Zealots, and an even more extreme offshoot, the Sicarii, didn’t just fight back against their Roman oppressors. They targeted Greek and Roman civilians for execution and the Sicarii even murdered fellow Jews who were not considered to be pious enough. The sects eventually triggered war with Rome in 66 A.D.

Many first century Jews, including at least some of Jesus’ own disciples, expected Him to lead a political revolution. Instead, Jesus hardly mentions the Roman Empire during His ministry. In John 18:36, Jesus tells Pilate “My kingdom is not of this world. If it were, my servants would fight to prevent my arrest by the Jewish leaders. But now my kingdom is from another place.”

To put the government of United States of America at the center of the gospel story, and then to feel psychological pain when that vision doesn’t come true, is simply a modernization of the Zealot movement, which Jesus rejected.

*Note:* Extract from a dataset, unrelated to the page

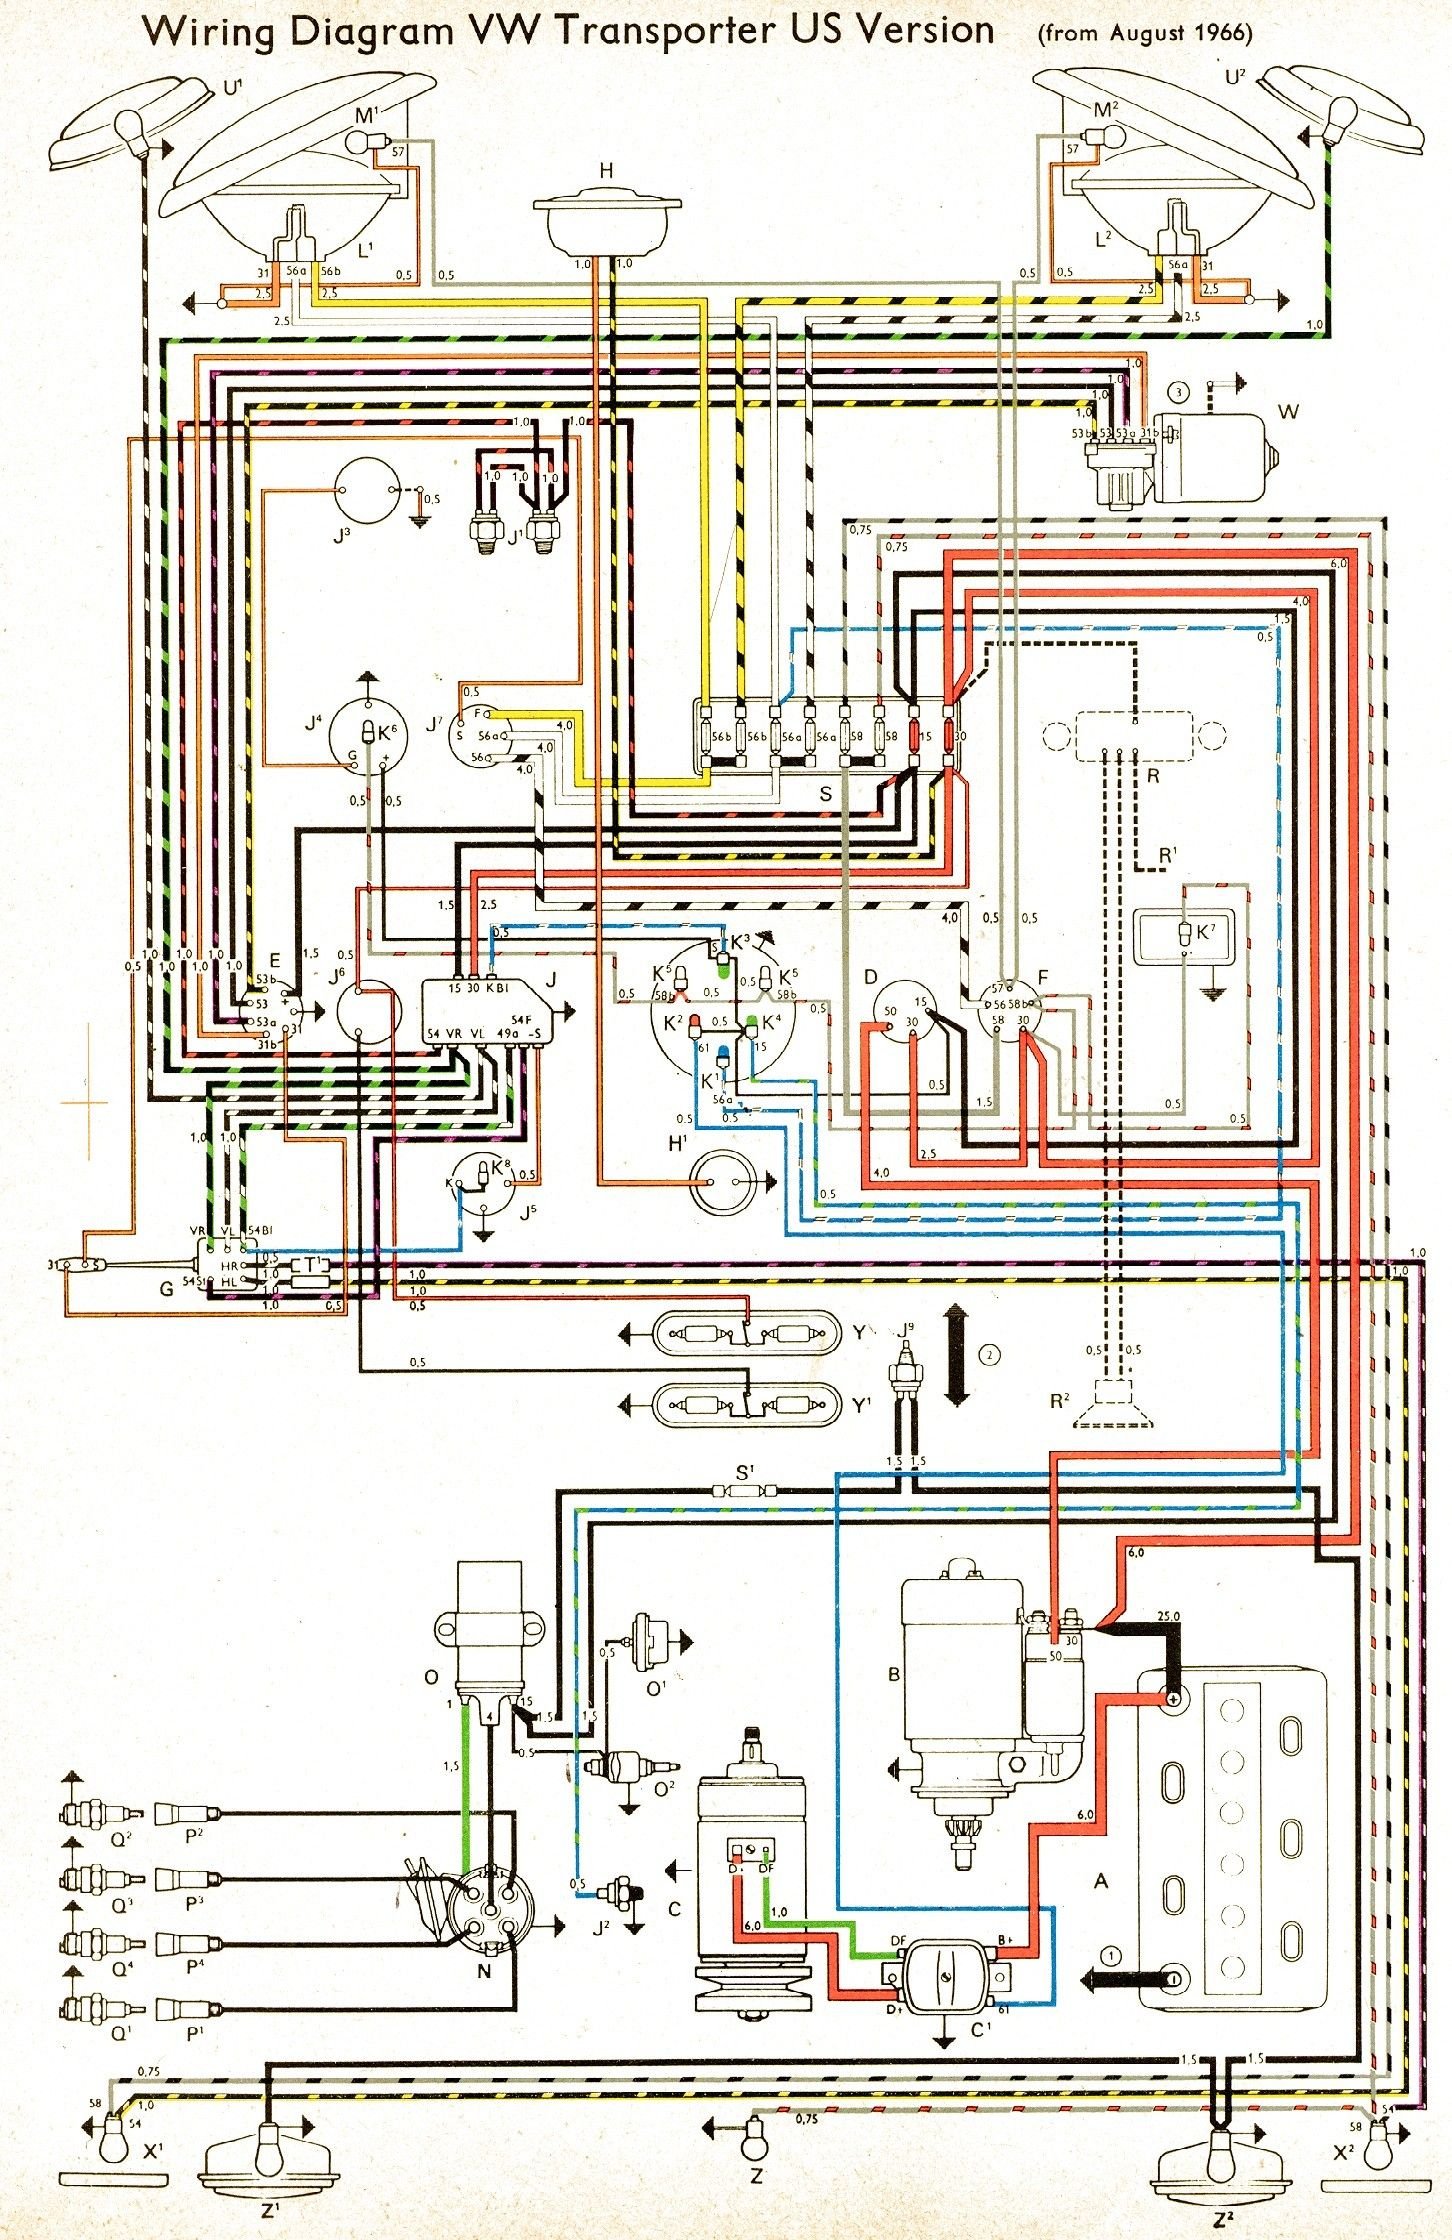 New How To Read Circuit Diagrams Diagram Wiringdiagram Diagramming Diagramm Visuals Visuali Circuit Diagram Electrical Circuit Diagram Electrical Diagram

TURNING OUR BACKS ON OUR NEIGHBORS AND FELLOW BELIEVERS

The other problem with the “white Protestant persecution complex” is that there’s just no evidence to back it up. Persecution is not someone saying something negative to you, being forced to attend school or work with a person of an opposing viewpoint or a general anti-religious sentiment. Persecution is real, tangible harm inflicted on a person or group, and white Protestants seem to be holding a permanent hall pass.

In the history of the United States, no white church has ever been burned as a hate crime. In the last 10 years, nine black churches have been terrorized or burned. Only one time has an American on U.S. soil been killed for the Christianity (Cassie Bernall at the Columbine High School attack, and eye-witness accounts are conflicted on whether or not she was questioned about her faith). On a single day in 2015, white supremacist Dylann Roof murdered nine African Americans due to their race and faith in Christ.

When white evangelicals become obsessed with controlling the government, there isn’t much room left for sharing Christ. And there’s even less chance that non-believers will want to hear from Christians who are openly trying to dominate and control behavior through force.

And when our collective attention is turned to an American flag draped over a cross, it’s likely we will ignore the actual genocide and oppression believers around the world face. In 2016, 90,000 people around the globe were killed for believing in Christ and 600 million more were prevented from practicing their faith “through intimidation, forced conversions, bodily harm or even death.”

Simply put, we cannot feign persecution and effectively reach our neighbor at home. Nor can we properly understand the horrors fellow believers face around the world.